Charles Perrow, Normal Accidents: Living with High Risk Technologies, Princeton University Press, 1999

On June 1, 1974 in Flixborough England, a chemical plant that manufactured a component of nylon exploded. The blast was estimated to be equivalent to as much as 45 tons of TNT. The plant was destroyed. All of the maintenance records that might have provided more details as to the exact cause of the disaster were destroyed. Buildings a thousand feet away from the plant were damaged. Windows a mile and three quarters away were broken. Twenty-eight people were killed, and at least eighty-nine were injured. It is believed that a cloud of cyclohexane vapor, a byproduct of production, escaped and ignited, generated the immense fuel-air explosion.

This is one of the many catastrophic accidents that Perrow describes in detail in his book. I would be lying if I didn't admit to a certain amount of fascinated schadenfreude for some of the apocalyptic events he documents. Two common themes that emerge is the presence of non-linear dynamics and tight-coupling.

Perrow writes that that the exact functioning of many of the reactions used for production in large commercial chemical plants are not well understood theoretically, even by experts in the field.

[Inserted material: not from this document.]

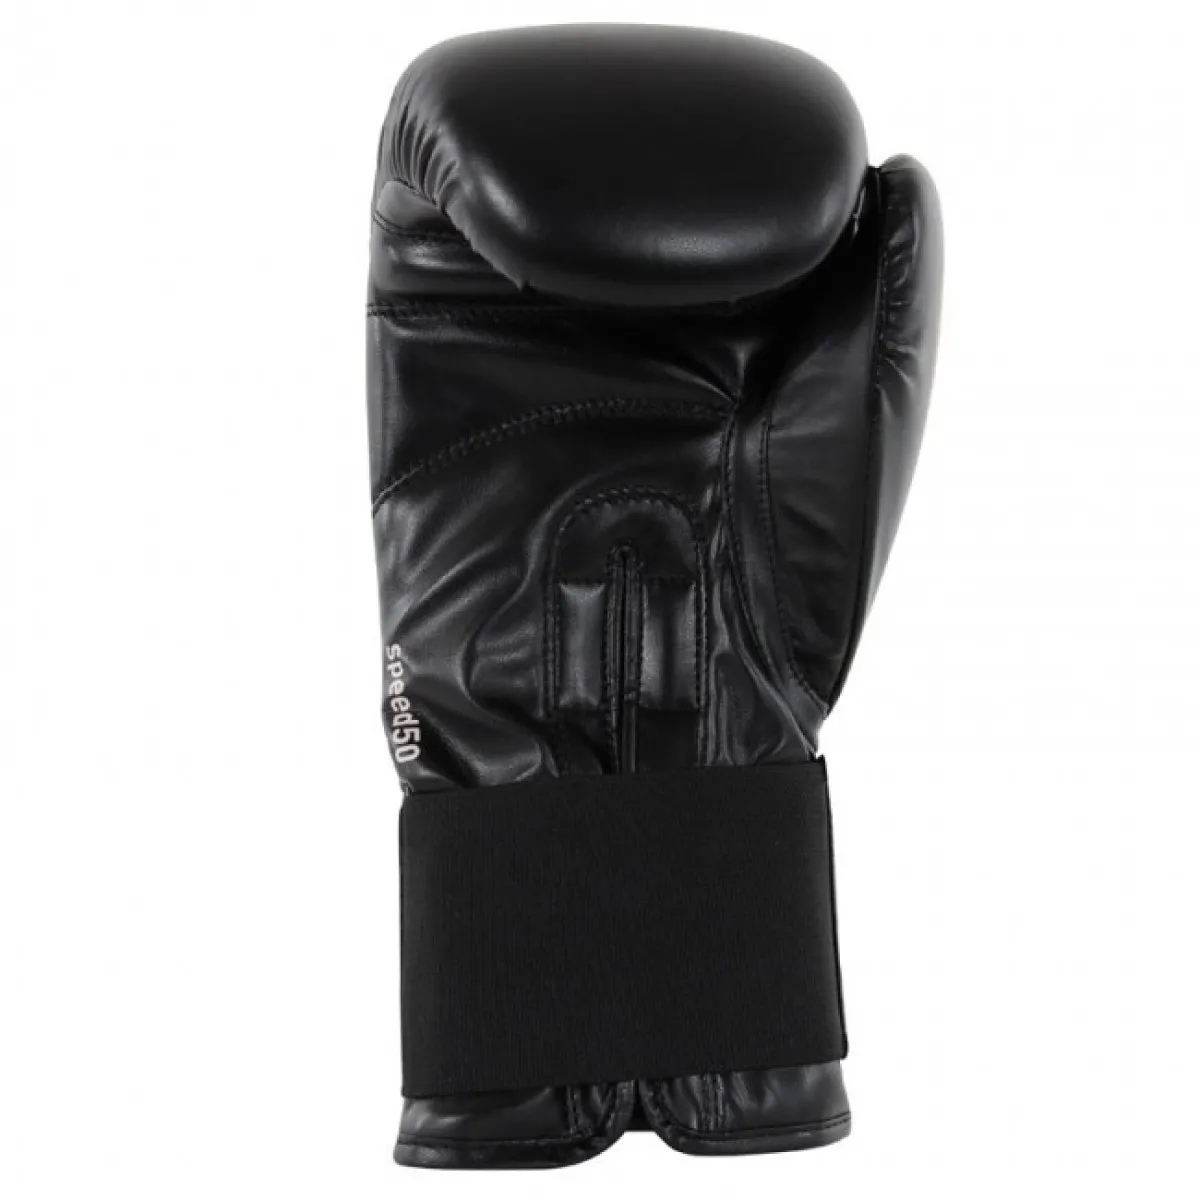 adidas Speed 50 black/white boxing gloves

In an effort to make such plants more efficient, their production systems are full of positive and negative feedback loops which can (and do) react in non-linear ways, and which are only stable within a narrow range of operating conditions. Even the physics may not be well understood; Perrow talks about how neutron bombardment embrittlement of nuclear reactor vessels came as a surprise.

It's no coincidence that the phrase "going non-linear" is a euphemism for a situation going very wrong very quickly. In The Logic of Failure: Recognizing and Avoiding Error in Complex Situations (which I wrote about in Imperfect People Build Imperfect Systems) [1], psychologist Dietrich Dörner writes about how humans really suck at conceptualizing and understanding complex non-linear systems. This means when complex systems like chemical plants enter an unexpected region of their operational parameters, typically due to one or more failures or mistakes lining up in time, it is difficult for human operators to understand what is happening, or to even recognize that something is happening at all. My own experience suggests it is difficult for designers of digital control systems to anticipate such failures, particularly when the systems under their control suddenly and unexpectedly depart from their normal operational envelope. Perrow captures the essence of non-linear behavior when he writes that it is a sensitivity to "trivial events in nontrivial systems" (p. 43).

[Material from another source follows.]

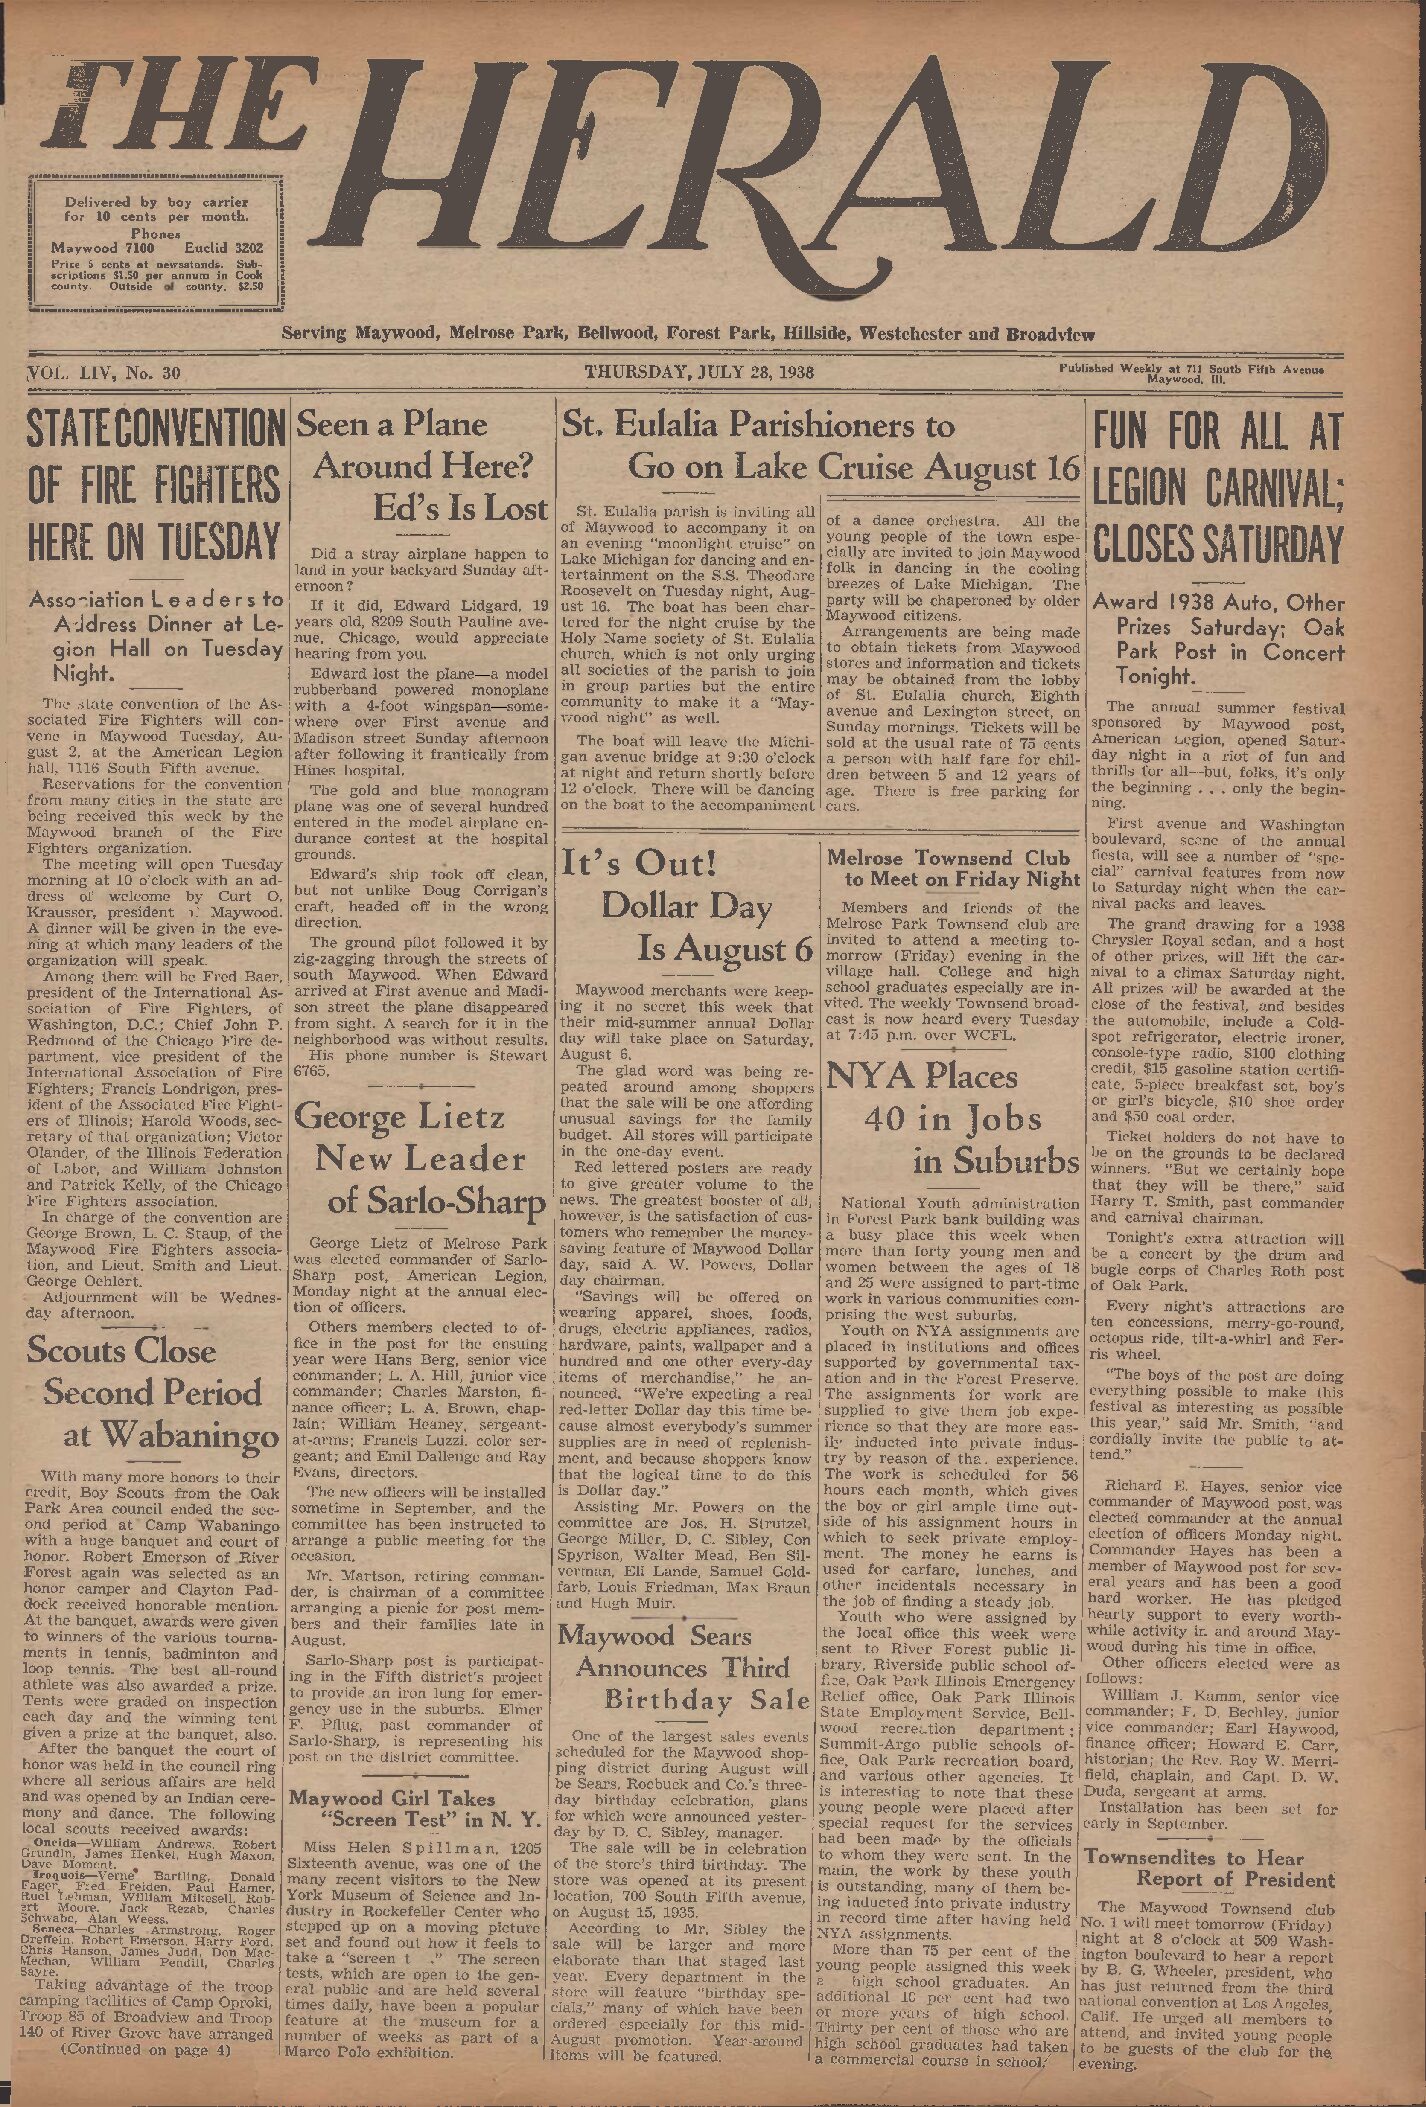 The Herald – 19380728

Perrow echoes Dörner when he writes about how the cognitive limitations of humans limit their response to failures in complex systems.

We construct an expected world because we can't handle the complexity of the present one, and then process the information that fits the expected world, and find reason to exclude the information that might contradict it. (p. 214)
Confronted with ambiguous signals, the safest reality was constructed. (p. 217)

Those old enough to remember The Church of the Subgenius from the 1970s may or may not be surprised to find that that UFO religion parody had it right: "slack" is vitally important. Perrow writes about how tight-coupling in complex systems means that there is little margin for error. When things go bad in a system with little or no slack, the badness cascades through the system very quickly. Slack, which is just another word for decoupling, gives more opportunities to respond, including improvisationally, to failure in both space and time. This will seem familiar to designers of real-time software: the insertion of loose-coupling, for example in the form of message queues, between producer and consumer processes may increase stability at the expense of real-time response. Chemical and manufacturing plant designers face the same trade-offs.

Perrow makes the distinction between processes - chemical, nuclear, and otherwise - that are "transformative" versus "additive". The former can have much more complex interactions between its components, and may feature non-linear behavior which may not be understood by the designer of the process. He likens the additive production process to making a sandwich where as the transformative process is making a soufflé: the end result is drastically greater than the sum of its component parts.

Perrow writes about how safety systems frequently have unintended consequences that nullify their effects. The introduction of shipboard radar did not yield the expected reduction in maritime accidents because ships used it as an excuse to go faster. This is true in chemical and manufacturing processes as well; safety features allow the plants to be run at higher levels of production, resulting in greater revenue at the same accident rate.

The title of Perrow's book stems from his assertion that given complex systems with tight-coupling and non-linear behavior, in which safety subsystems are either subverted or exploited, accidents are inevitable, or in some sense, normal, to be expected.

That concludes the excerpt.